**Instructions to follow**: Since pictures do not belong in the copy, please repeat every record below exactly without them.

** Data records follows **

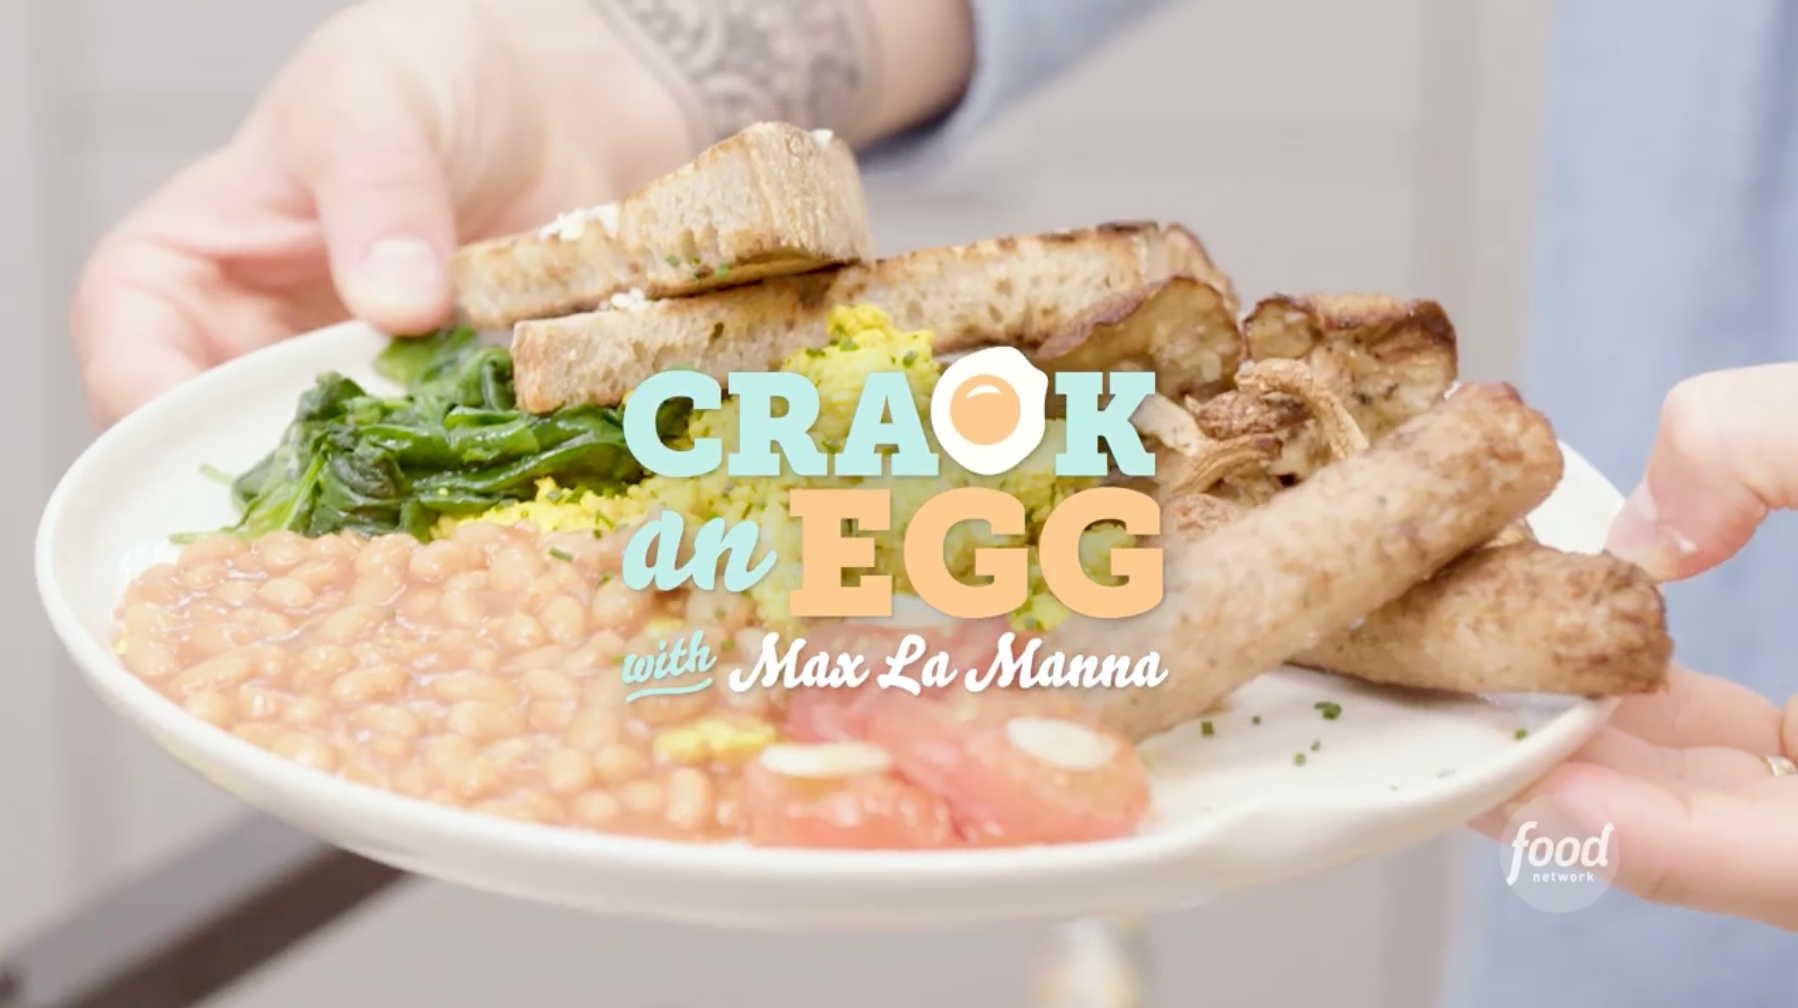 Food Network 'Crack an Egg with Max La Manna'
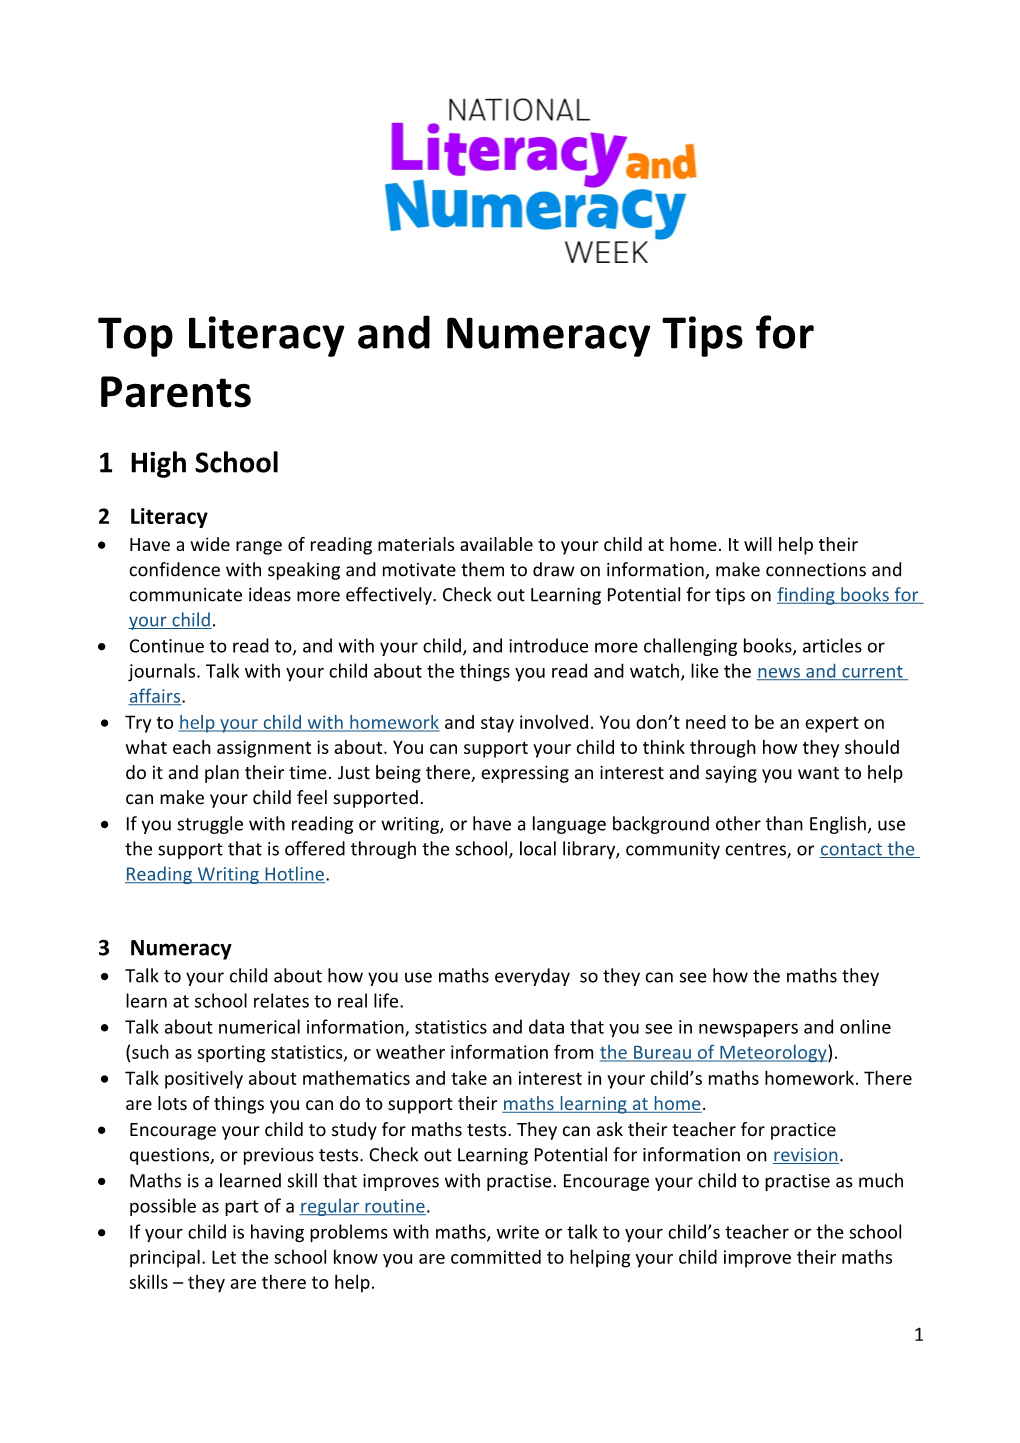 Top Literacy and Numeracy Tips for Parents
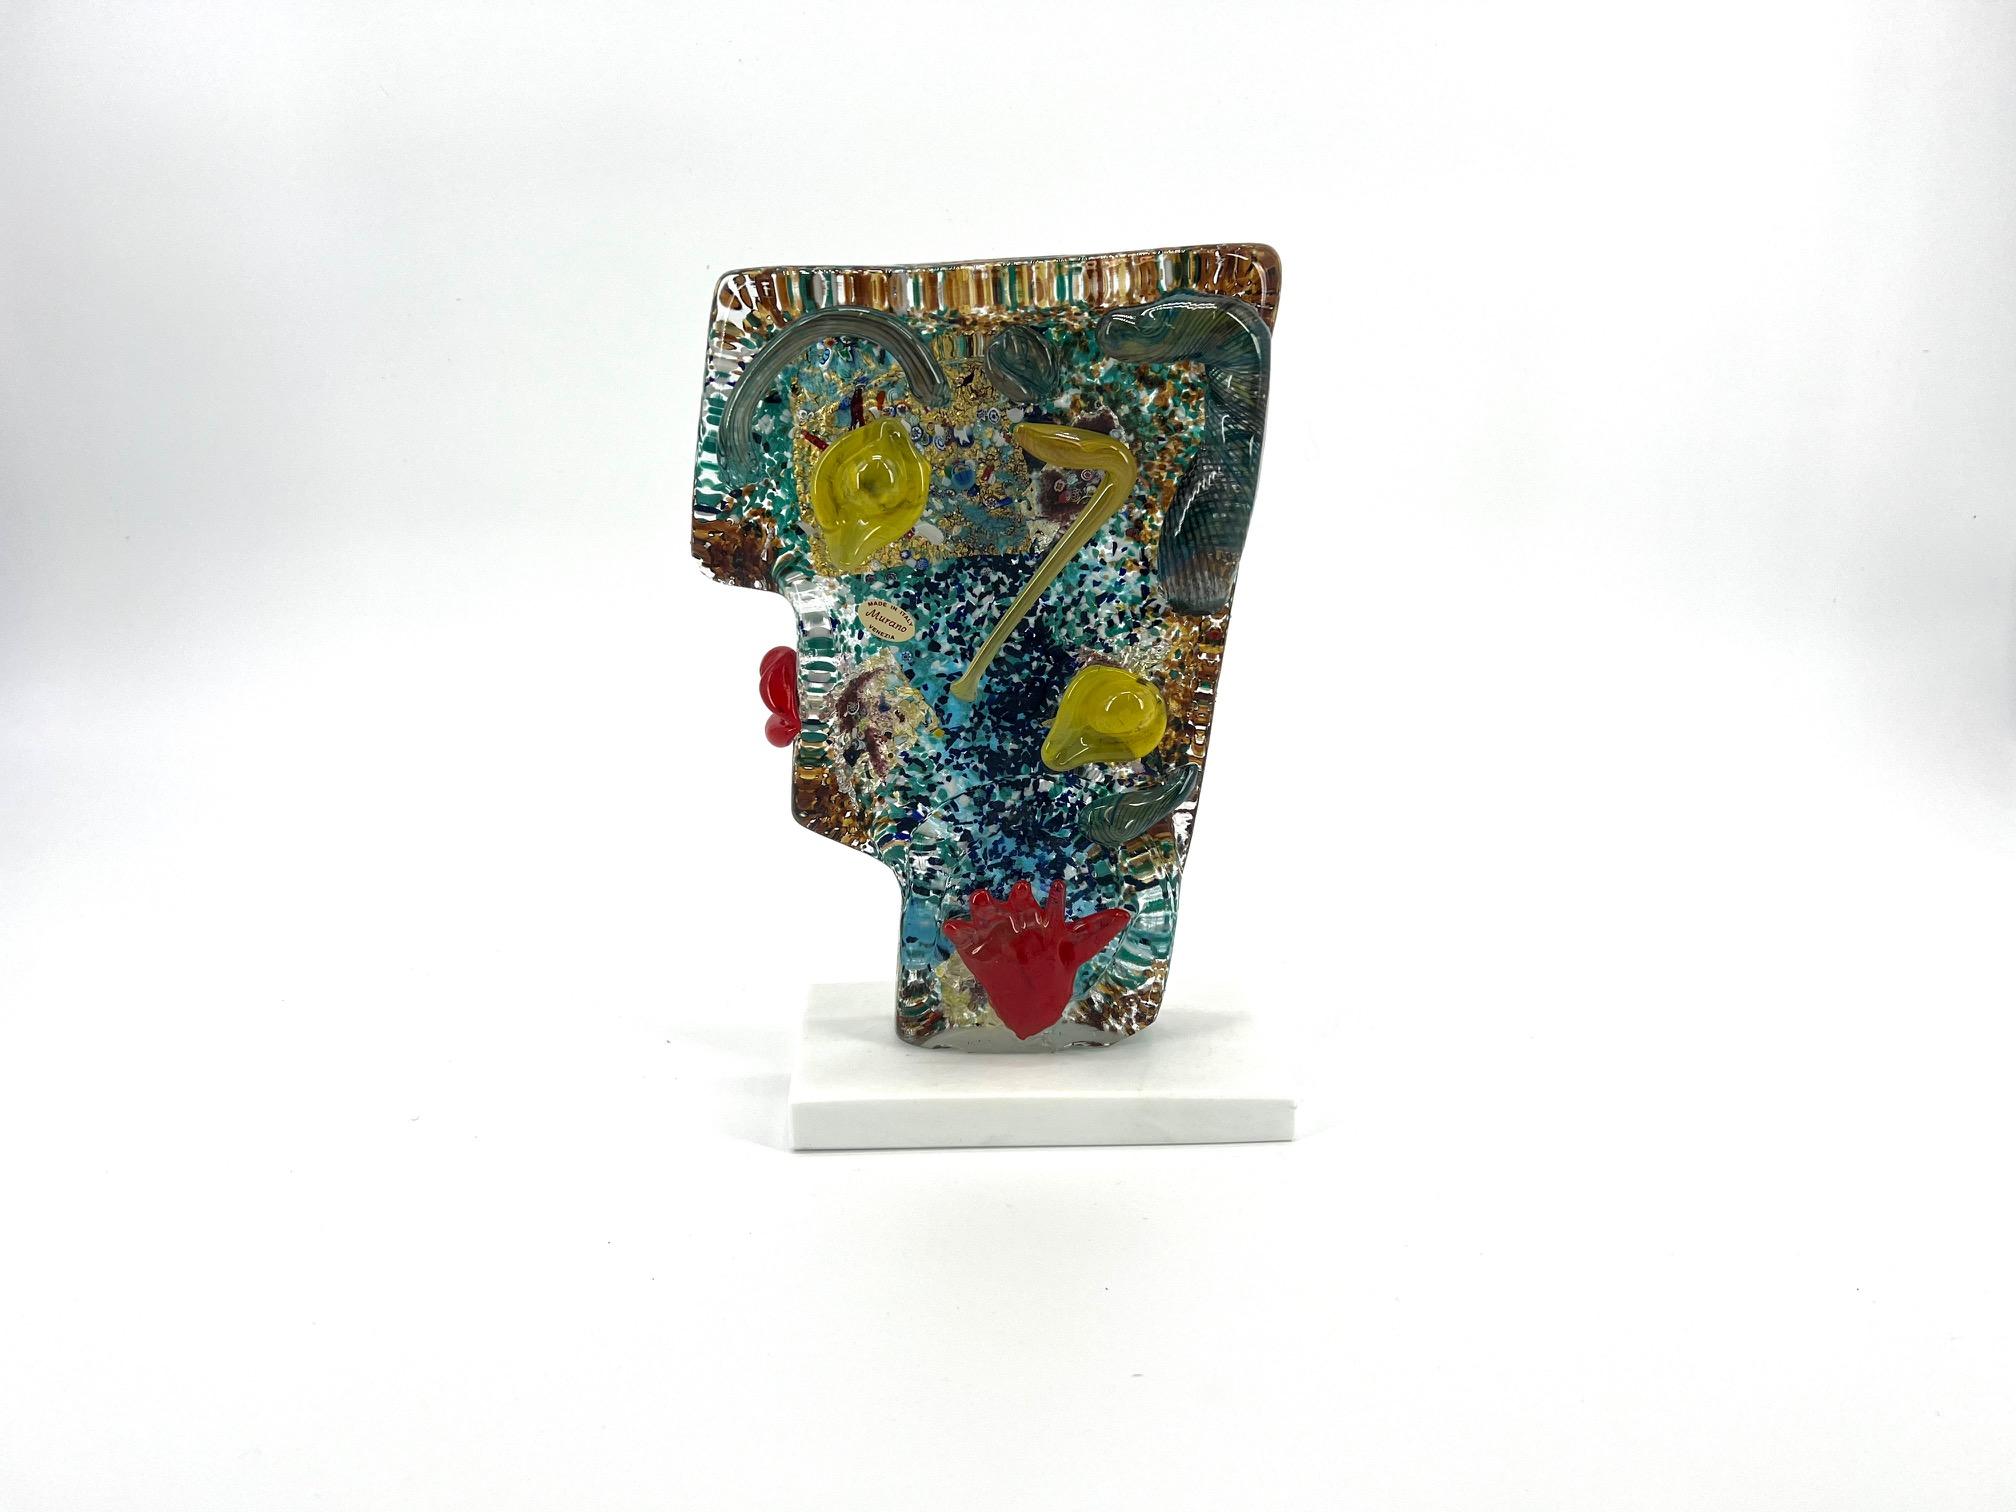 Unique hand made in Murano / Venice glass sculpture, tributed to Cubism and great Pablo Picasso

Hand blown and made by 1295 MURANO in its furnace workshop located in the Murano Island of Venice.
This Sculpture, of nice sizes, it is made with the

** End of Data records **

**Solution for this problem**:
 Food Network 'Crack an Egg with Max La Manna'
 Top Literacy and Numeracy Tips for Parents
 Unique hand made in Murano / Venice glass sculpture, tributed to Cubism and great Pablo Picasso

Hand blown and made by 1295 MURANO in its furnace workshop located in the Murano Island of Venice.
This Sculpture, of nice sizes, it is made with the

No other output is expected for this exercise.